The last of these is the route that Richard Daley and his four co-founders chose when they founded Pentaho (yes, penta- as in “five”, with the accent on the second syllable, apparently). Rather like Alfresco, which was set up by veterans of the Enterprise Content Management world, Pentaho was formed by people who had already launched and sold a couple of (proprietary) startups in the area of Business Intelligence.

What's interesting is that third time around, in 2004, these battle-hardened executives saw open source as a way to do things differently, and to achieve something new: to obtain a global reach, and overcome many of the traditional technical and financial barriers facing startups. That meant they needed to decide on a business model that accommodated giving away stuff and making money, and they chose a fairly classical system of offering a “community version” for free, and then selling enterprise versions that add certain features.

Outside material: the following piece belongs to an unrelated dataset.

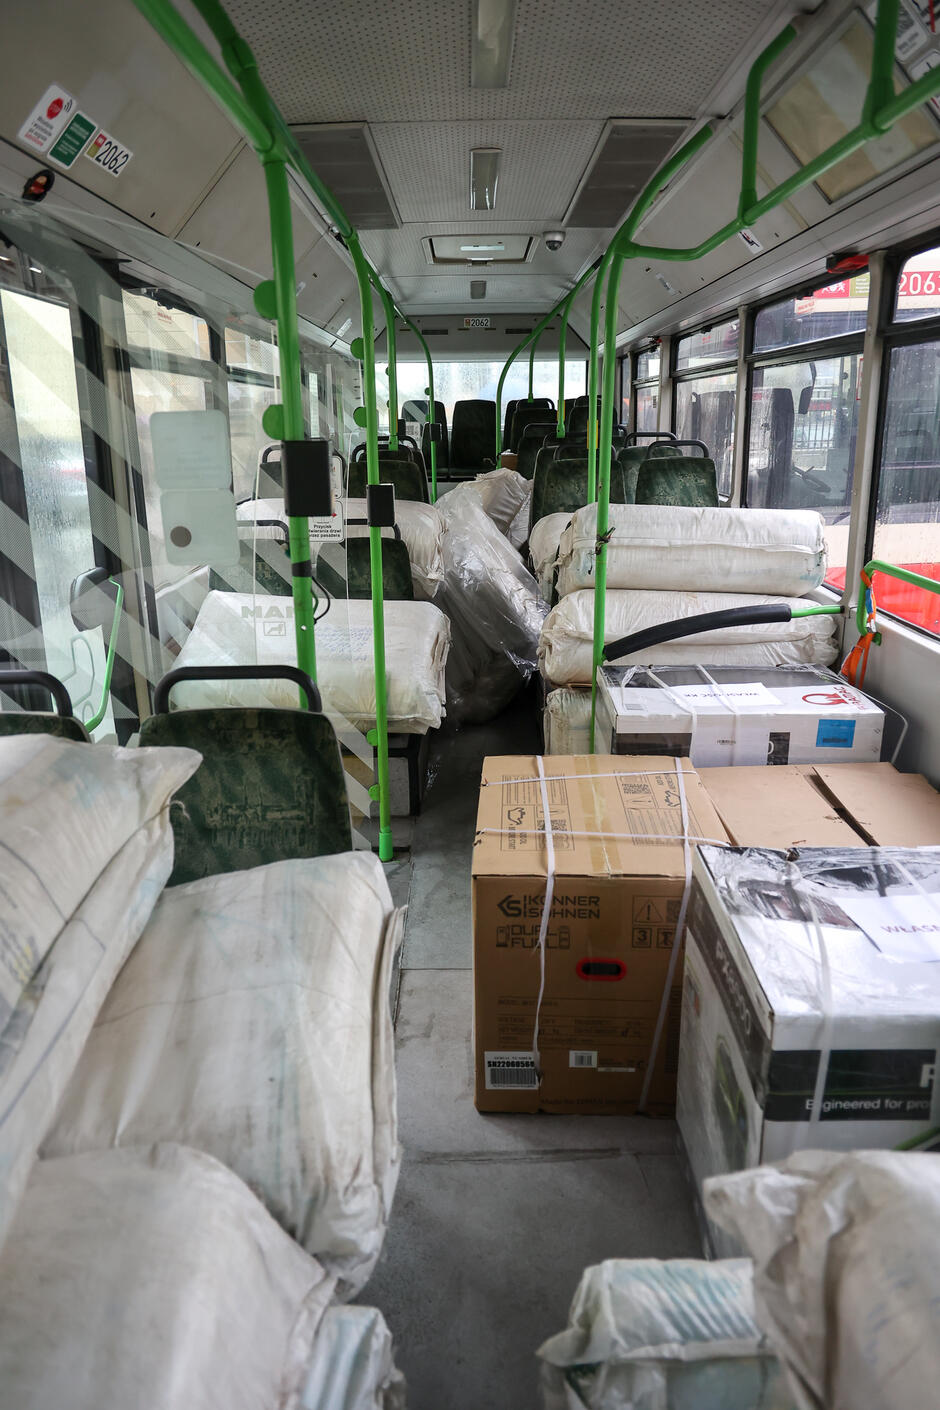 Wnętrze autobusu, w którym leżą kartony i wypełnione czymś worki

However, that community version is not simply abandonware: support is available, and new customers are not pressured to move on to the enterprise version if they're happy with the free one, Daley says. That seems to be working both in terms of gaining paid-for business and keeping the community happy: Daley told me that it has around 45,000 “active” members – that is, people that do something rather than just visit. The community also contributes to the overall project – mostly QA, but also bug-fixes.

Pentaho's products go up against some big names in this space: SAP, IBM and Oracle. As usual, the open source solution comes in much cheaper than the proprietary equivalents – Daley claims around 80% cheaper, probably a typically saving for open source companies compared to their closed-source rivals. Interestingly, Pentaho is also up against an established open source rival: Jaspersoft. Naturally, Daley believes his offering is better, at least in terms of the breadth of its in-house modules.

That open source competition is unusual: typically, one free software company dominates a particular sector. It's probably a sign of a healthy ecosystem if two large players can co-exist in it, and suggests that whatever their origins, open source companies are now well established and thriving.